The patch of the present invention may be prepared using materials well known to those skilled in the art, such as natural or synthetic polymers (e.g., acrylic acid or derivatives thereof, polysiloxanes, block copolymers, vinyl acetate/vinyl copolymers, rubbers and derivatives thereof, etc.), depending on the nature of the active ingredient to be delivered. Other suitable known substances commonly used by those skilled in the art, such as solubilizers, plasticizers, resins, stabilizers, fillers or transdermal enhancers, may also be combined with the active ingredient.
Likewise, films such as those commonly used by those skilled in the art of transdermal systems, for example, ethylene/vinyl acetate copolymer films, may be used.
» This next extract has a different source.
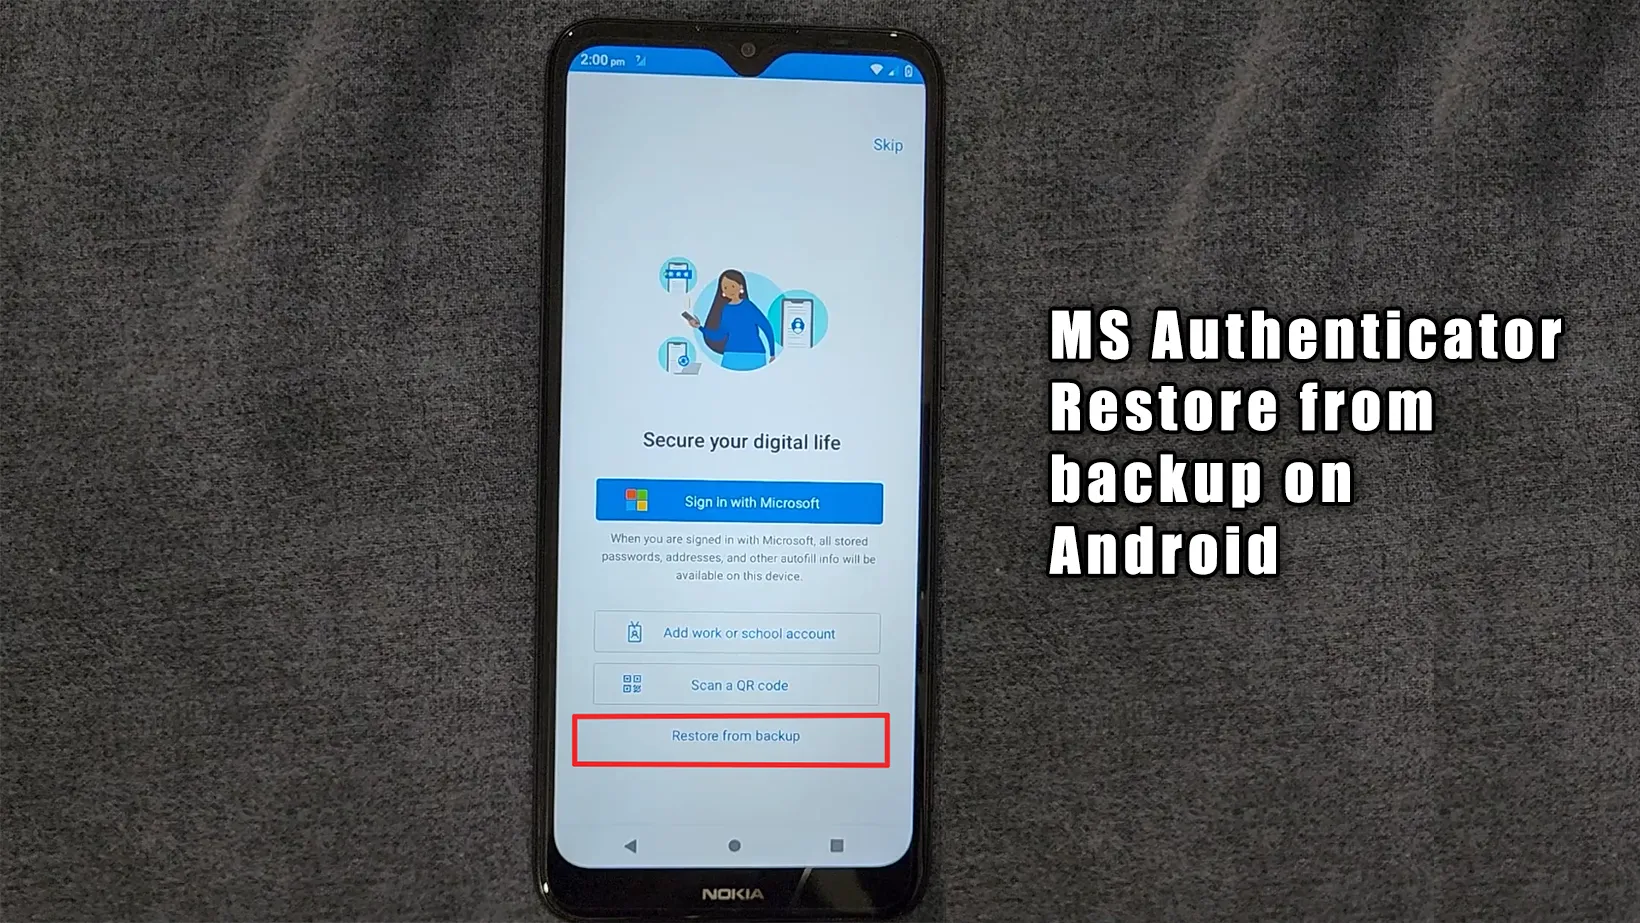 Microsoft Authenticator Restore from Backup on Android

Where one or more matrix patches are employed in the system of the present invention, the matrix patches may be made using coating techniques well known to those skilled in the art, either with solvent or hot melt (solvent-free).
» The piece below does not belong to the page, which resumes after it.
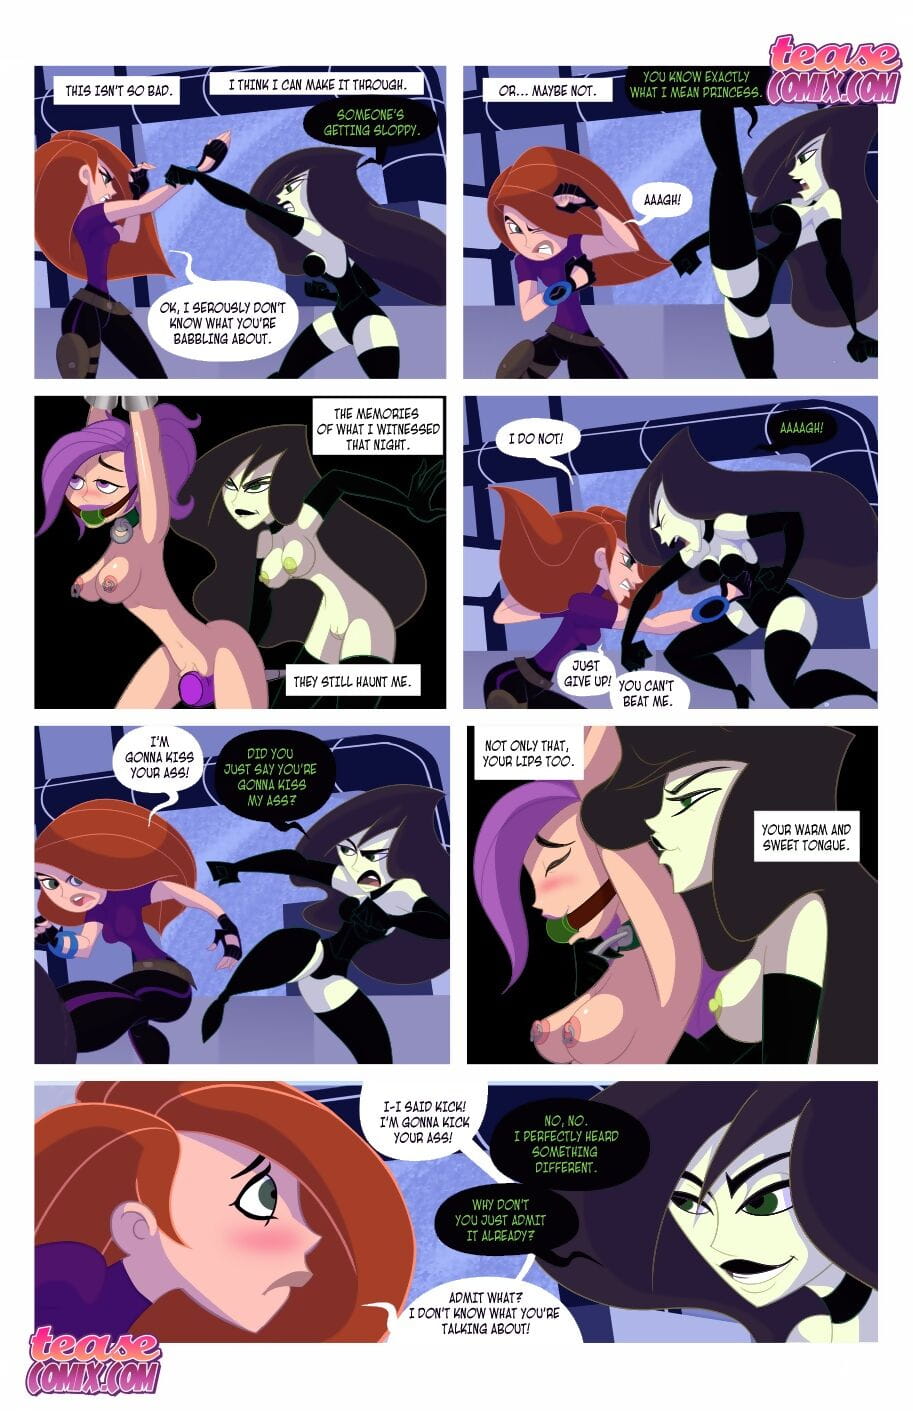 Teasecomix- Ironwolf – Kinky Possible Issue #02 page 1

Also, in the case of a reservoir type patch, the patch can be produced by a technique well known to those skilled in the art, for example, a reservoir is formed by heat-sealing a support to a membrane and filling the reservoir at the same time or at different times.
In both cases, the patch is of a suitable size in industrial production, based on the amount of active ingredient or ingredients contained per surface area, so that the system can deliver a selected dose of active ingredient in a given time.
The transdermal systems of the present invention may have any geometry: square, rectangular, circular or oval. The individual patches may be arranged side-by-side or concentrically (each patch surrounding a patch), or any other geometry may be used. The patch may be separated or surrounded by one or more additional films, which may be adhered together if desired.
For active ingredients which are administered transdermally and act locally or systemically, any combination of several active ingredients can be used within the scope of the present invention.
Among these combinations, the following combinations are possible:
a) natural or synthetic estrogen or estrogens in combination with progestin or progestins for contraceptive purposes or for treating menopause symptoms, such as estradiol, ethinyl estradiol, estriol and their derivatives in combination with norethindrone acetate, norethisterone, levonorgestrel, desogestrel, norgestimate, lynestrenol, gestodene, nomegestrol acetate or dienogest;
b) beta-blockers in combination with diuretic compounds, especially for cardiovascular diseases, such as timolol, indolol, bufuraline (bufradol), indolol or nilpdiole in combination with amiloride (amilonide) or hydrochlorothiazide;
c) corticoids and antihistamine compounds, especially for the treatment of allergies, such as methylprednisolone, prednisolone, hydrocortisone, beclomethasone or triamcinolone in combination with astemizole, dexchlorpheniramine, cetirizine, diphenylhydramine chloride or chlorpheniramine;
d) analgesics and anti-inflammatory compounds, especially for the treatment of pain, such as acetylsalicylic acid, paracetamol or noraminopyrine in combination with mefenamic acid, flufenamic acid, diclofenac, oxybuprazone, buconazole, naxoprene or bibutyric acid; and
e) antibiotics and antibiotic compounds, which are used exclusively for the treatment of infections, such as amoxicillin and clavulanic acid, sulfamethoxazole and trimethoprim, erythromycin and acesulfame-soxazole or erythromycin and tetracycline in combination.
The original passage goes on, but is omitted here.